◆ **Brief**
Return the listing verbatim, images left out.

◆ **Material provided**
━━━
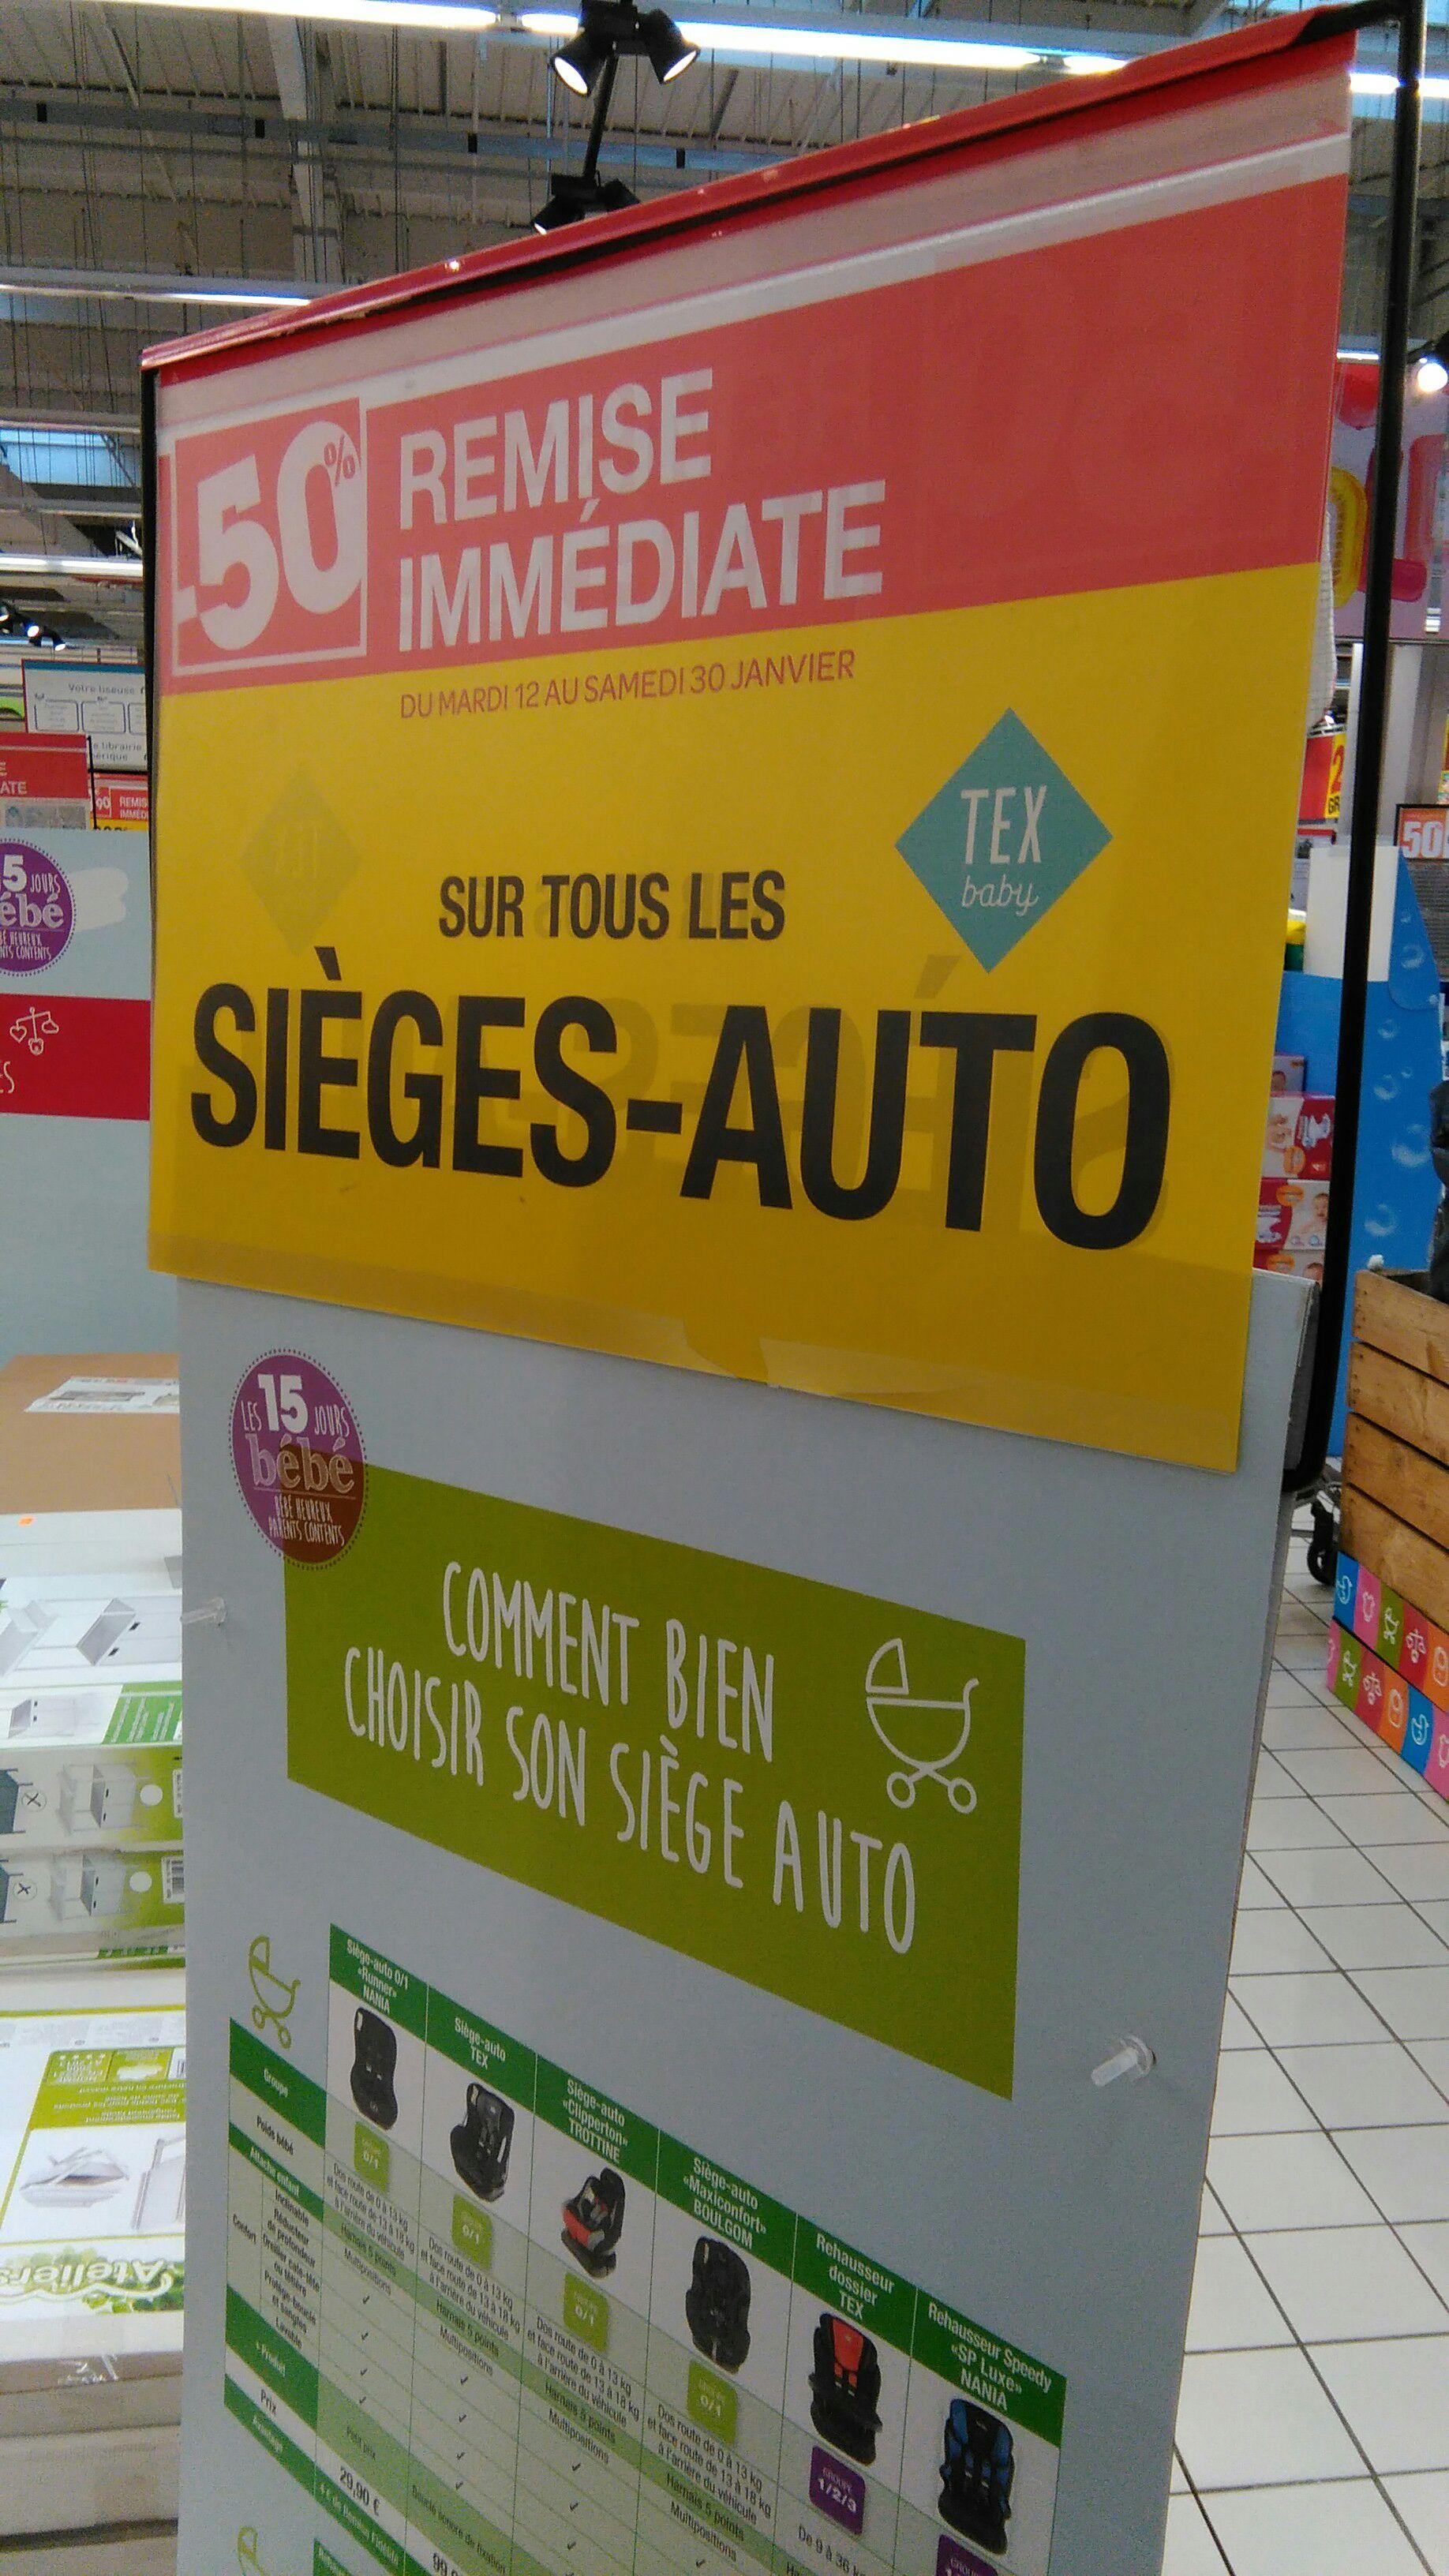 50% de réduction sur les Sièges autos Tex - Ex : Siège Auto rehausseur Dossier Tex
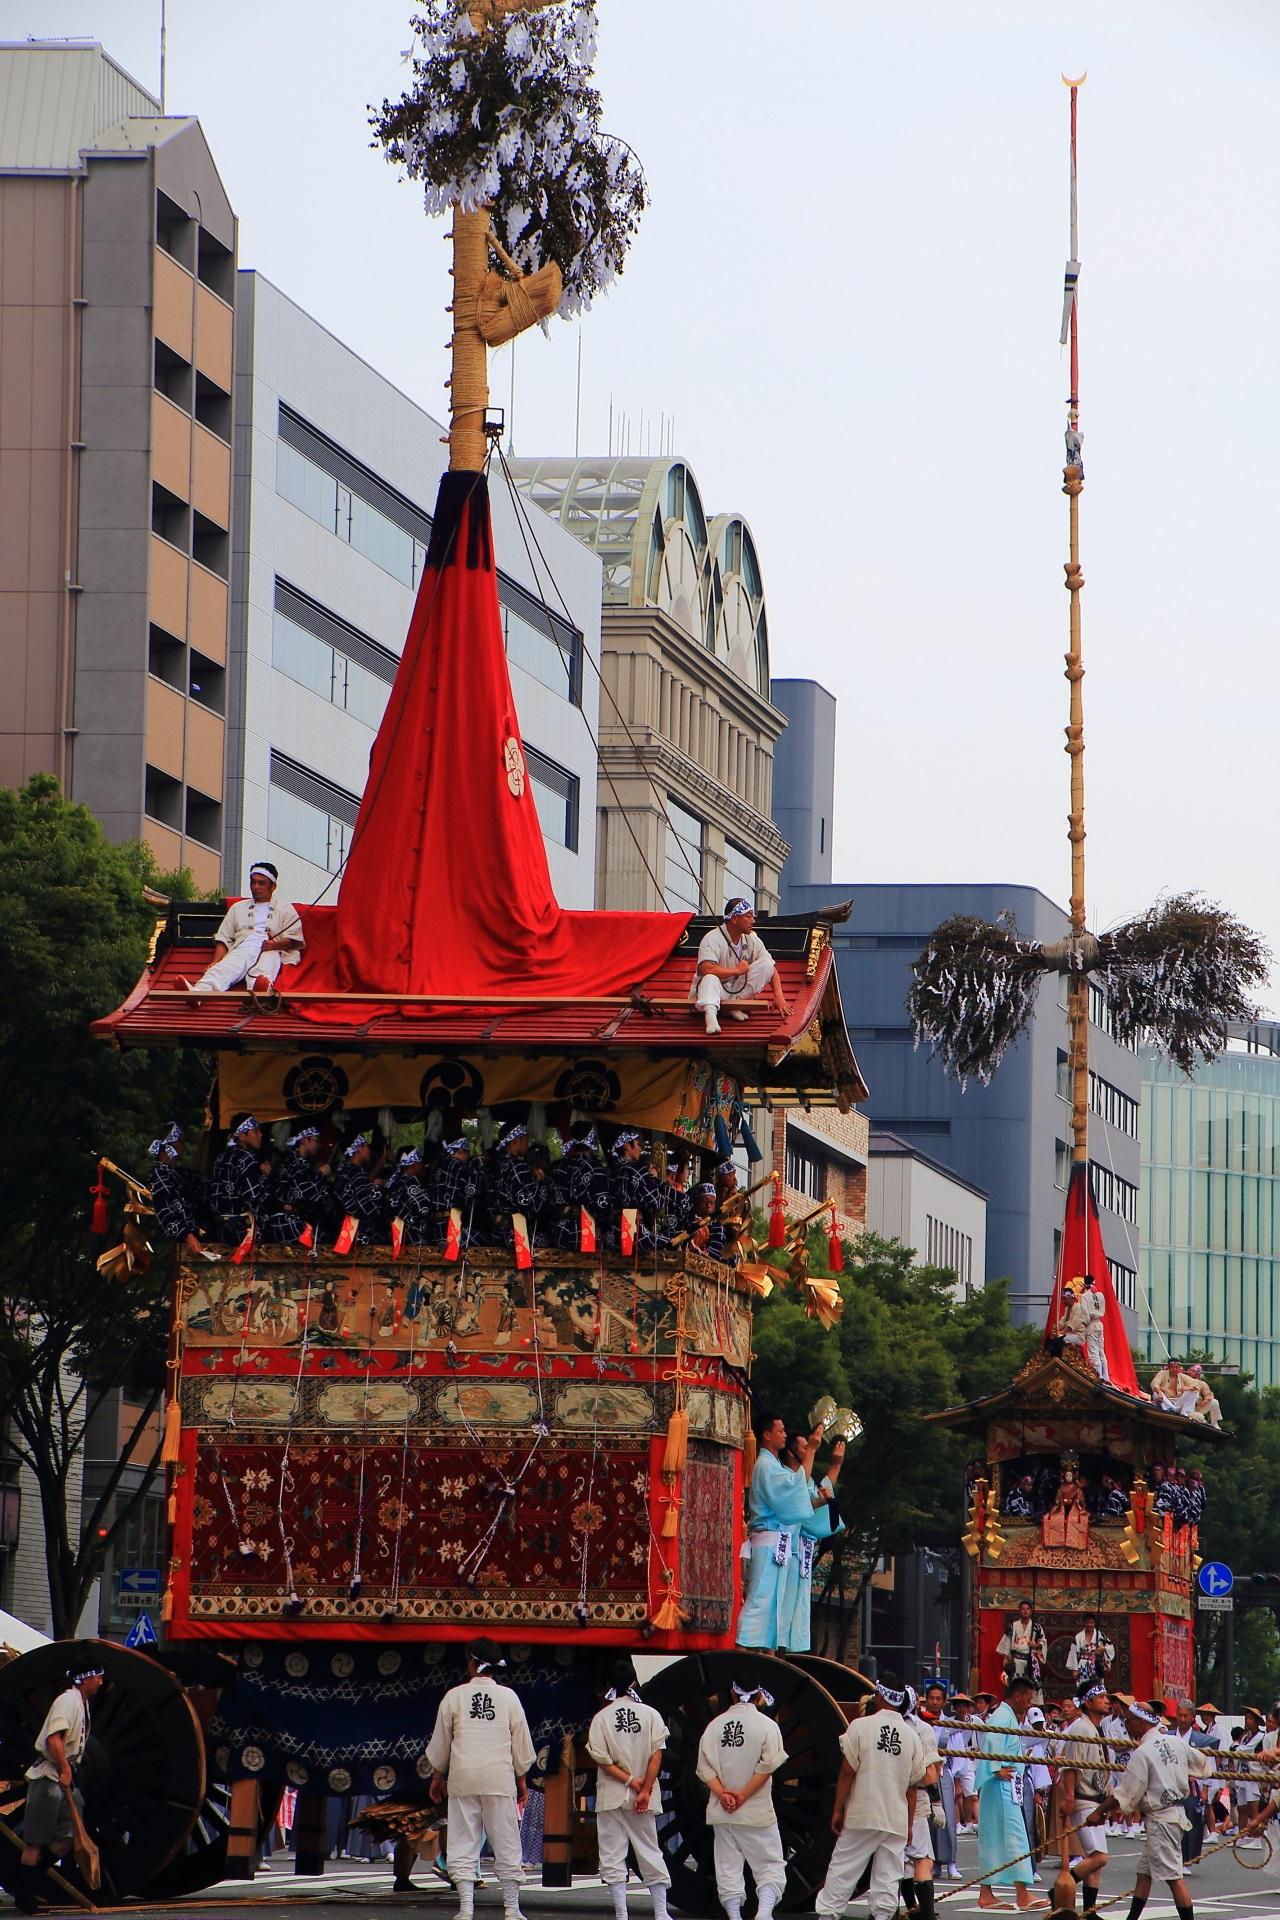 ビルの高さ位ある巨大な鶏鉾と月鉾の日常と非日常の融合した景色
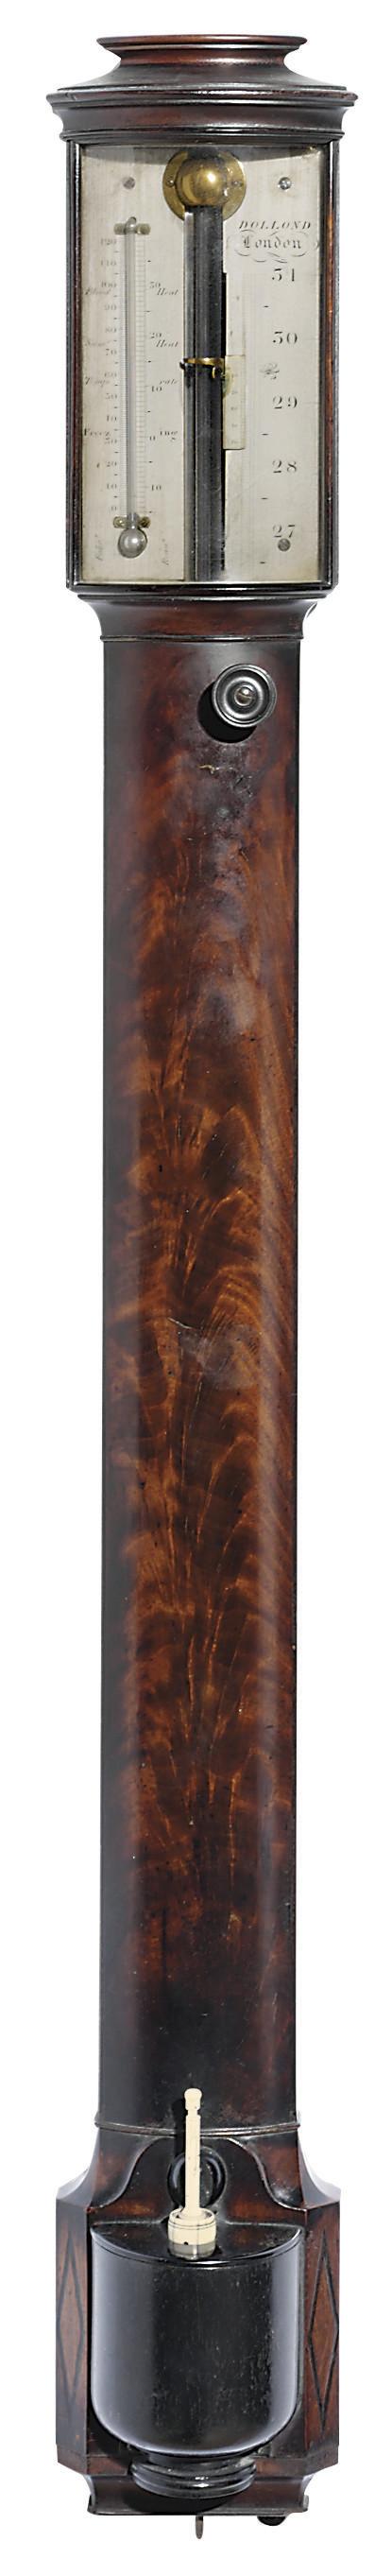 A Regency mahogany and ebony s
━━━
◆ **Solution below**
 50% de réduction sur les Sièges autos Tex - Ex : Siège Auto rehausseur Dossier Tex
 ビルの高さ位ある巨大な鶏鉾と月鉾の日常と非日常の融合した景色
 A Regency mahogany and ebony s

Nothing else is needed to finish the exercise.